Figure 7. Overexpression of DCX or DCL increases neurite length in postnatal RGCs

Purified P4 RGCs were transfected with EGFP (control) or EGFP plus DCX or DCL, cultured for 2 days, and stained for tubulin. Transfected RGCs were identified by EGFP (arrows). Compared to control (A,B), RGCs transfected with DCX (C,D) or DCL (E,F) showed increased neurite outgrowth and curved/looped neurite trajectories. (G) Total neurite length was significantly increased in neurons transfected with DCX or DCL (*p<0.05, **p<0.01, ANOVA with post-hoc Dunnet’s). N= 3 experiments, with > 100 transfected neurons/treatment. Error bars show SEM. Scale bar, 100µm.
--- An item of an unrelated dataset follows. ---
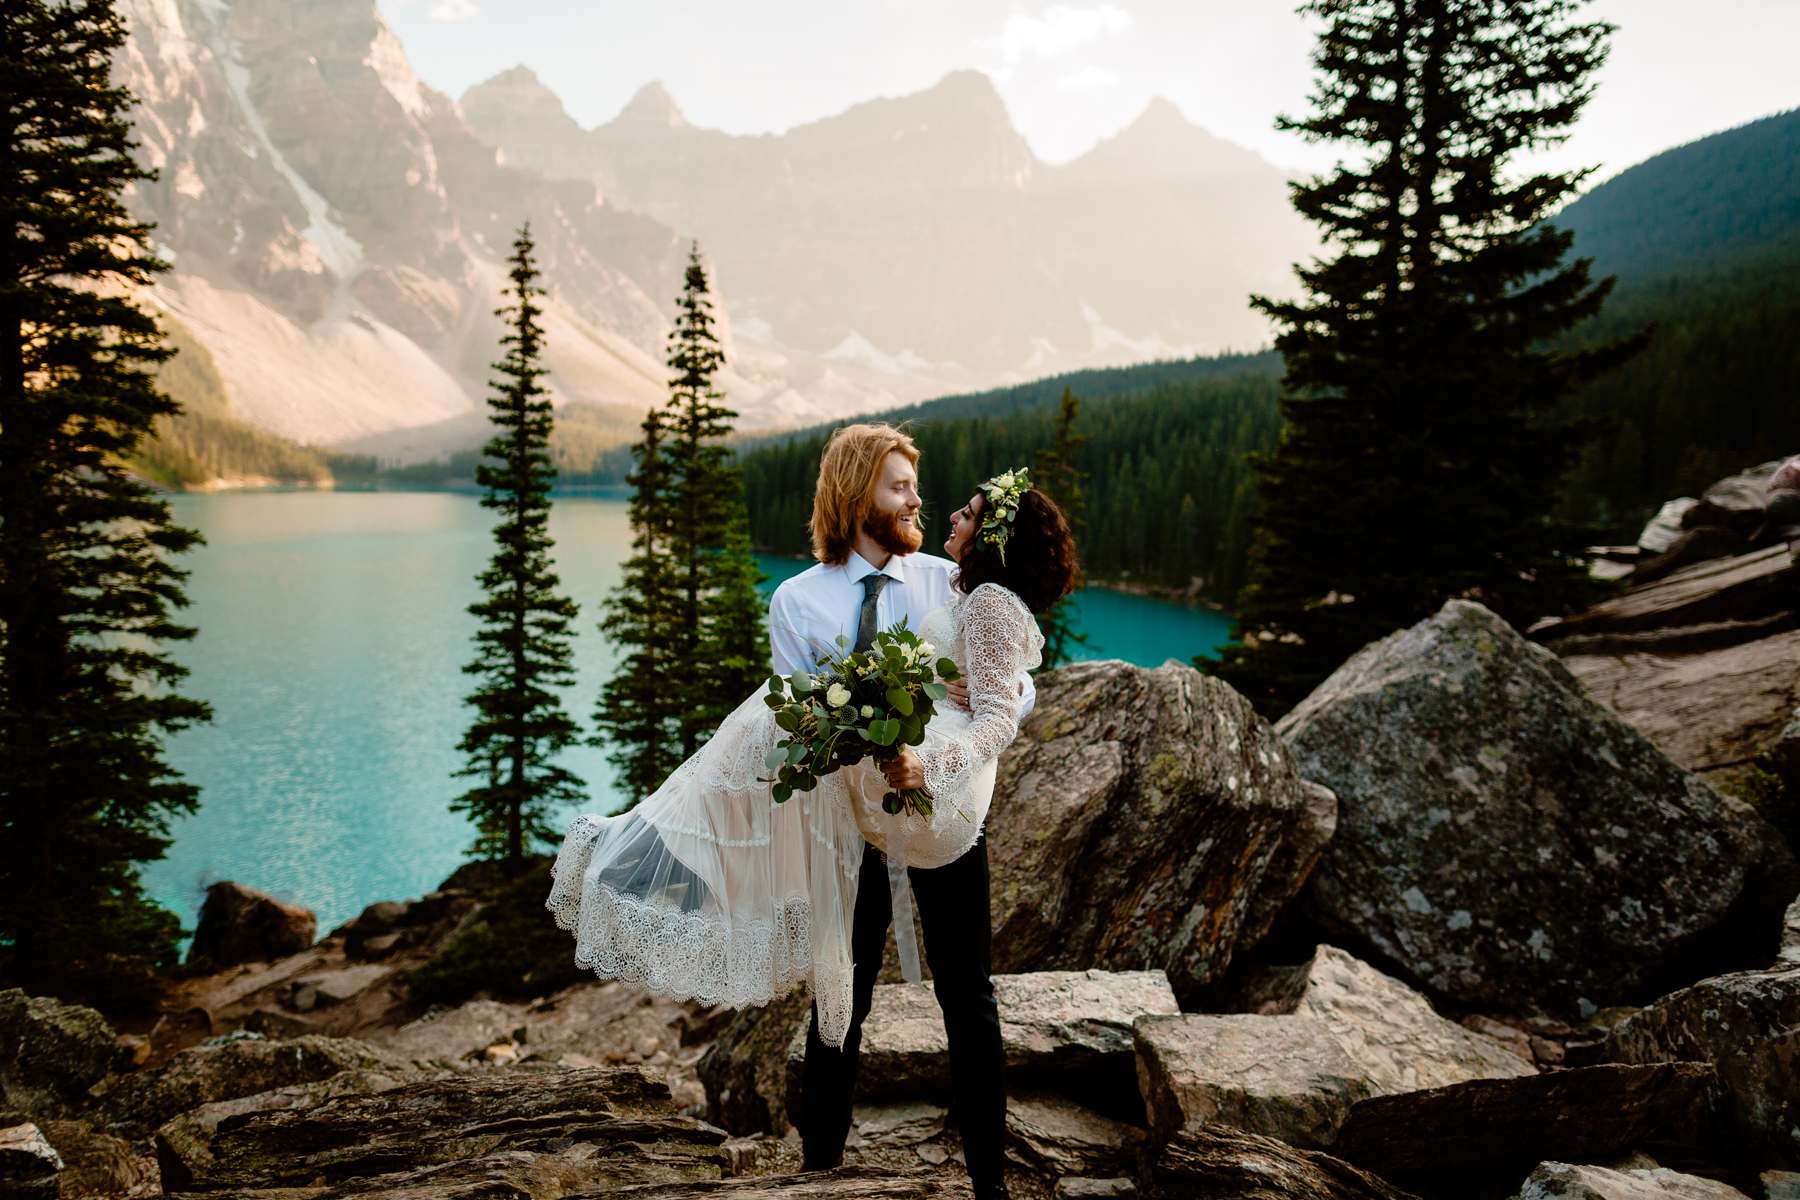 Banff Photographers at a Moraine Lake Post-Wedding Adventure Session - Photo 16

Figure 8. NGEF suppresses neurite growth in postnatal cortical neurons

P1 cortical neurons were co-transfected with EGFP (control, A–D) or NGEF plus EGFP (NGEF, E–H) and cultured for 3 days. Control neurons (A–D) extend long processes, some of which are identified as axons by Tau1 immunoreactivity (C). Neurons transfected with NGEF (E–H, arrows) often extended no neurites but appeared viable with large, uncondensed nuclei and abundant lamellar protrusions (insets, E–H). Scale bar is 50µm.